My Financial Times Addiction.
I freely admit to it: I am addicted to FT. It waltzed into my life after
retirement. Until then it was New York Times and Wall Street Journal, as
befitted a respectable international marketing manager. Then retirement
came along. The huge gap which had opened in my life after I lost my husband,
the empty chair across from me on the verandah, the lack of lively exchange of
ideas and his incredibly encyclopedic knowledge to which I was accustomed,
became even more painfully apparent, as a sort of intellectual desert seemed to
lie ahead. Searching for stuff to fill my brain, I enrolled in a doctoral
programme in humanities at a nearby university. I chose my direction in
medieval studies after an intensive course on Dante’s Divine Comedy, I fell
in love with it. My dissertation on the economy of the French Abbey
of Cluny – twelfth century – was not exactly a bestselling thriller for most
people, but it got me a distinguished mention for creative thought.
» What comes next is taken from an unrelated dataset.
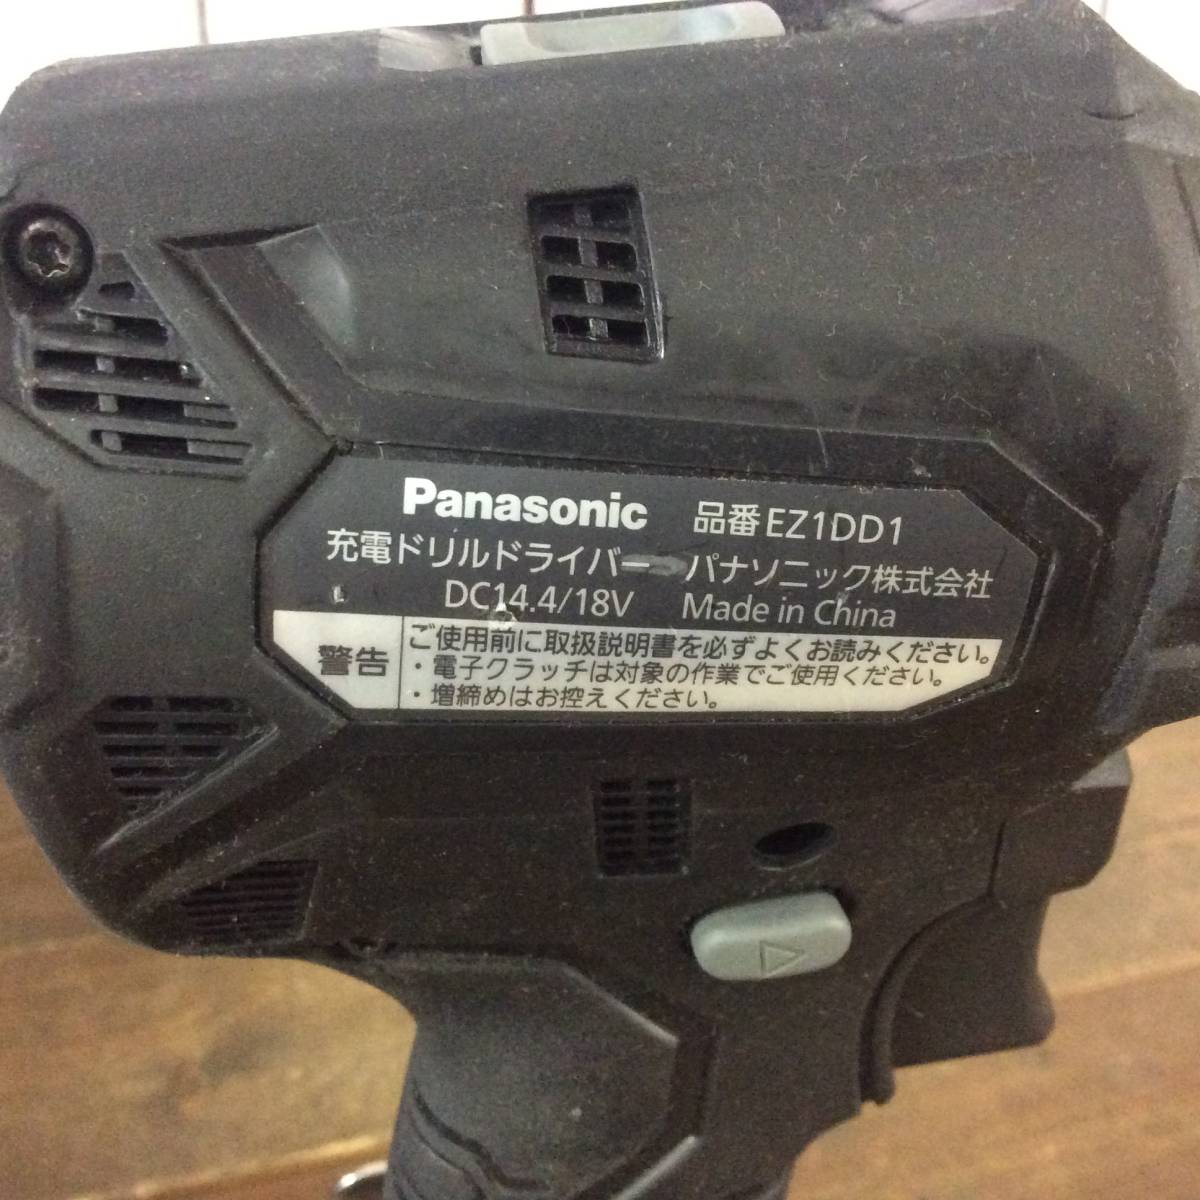 【RH-7012】中古品 Panasonic パナソニック 14.4V 18V 充電ドリルドライバー EZ1DD1 充電器 18V バッテリー2個セット_画像4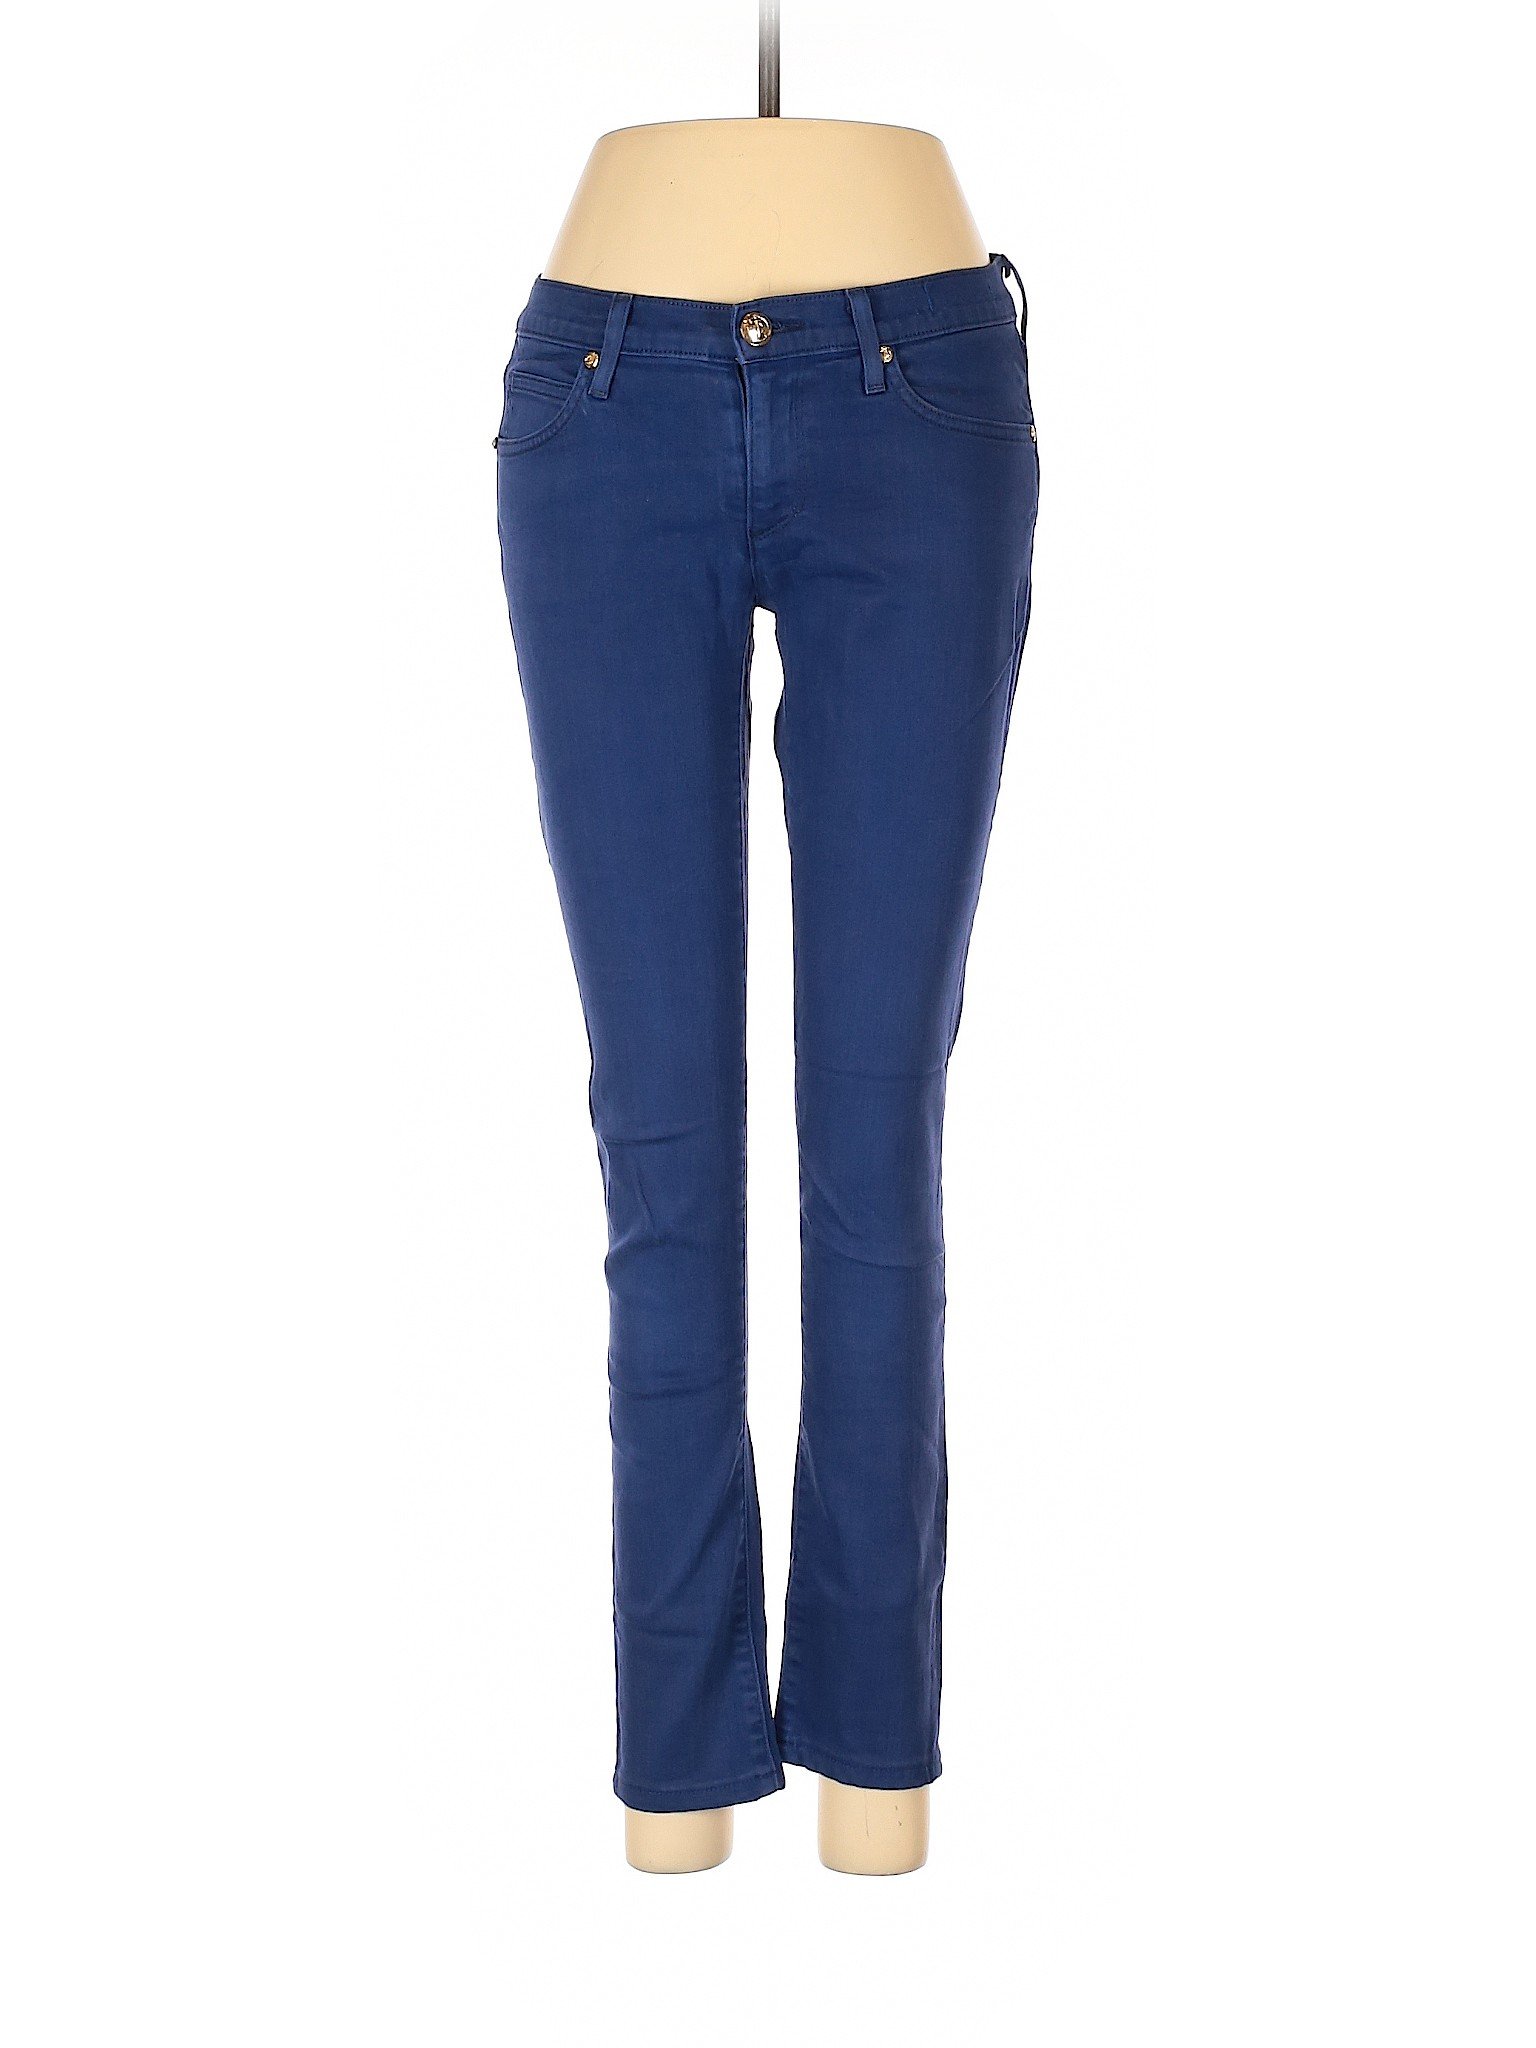 Juicy Couture Women Blue Jeans 27W | eBay

And after
all that thrill, just as I was resigned to face the gaping hole of my lonely
morning coffees, I came across the Financial Times. An amazing discovery. Over
time, I became acquainted with the journalists, the analysts, and the
commentators; with economists and historians. With their specialty topics, their
individual styles, particular brand of humour and sophistication, all of it
served in grammatically correct writing, with nary a typo in the text. They
became my friends, some even my favourites. I subscribe to the paper edition,
but on those rare occasions when the paper does not show up on my doorstep, I
can fall back, less willingly, on the e-version. However, I have also been
known to go down before breakfast to the neighbourhood grocery that carries it;
and triumphantly clutching the FT, return to my verandah and my morning coffee,
which simply does not taste the same without the salmon-coloured paper in hand.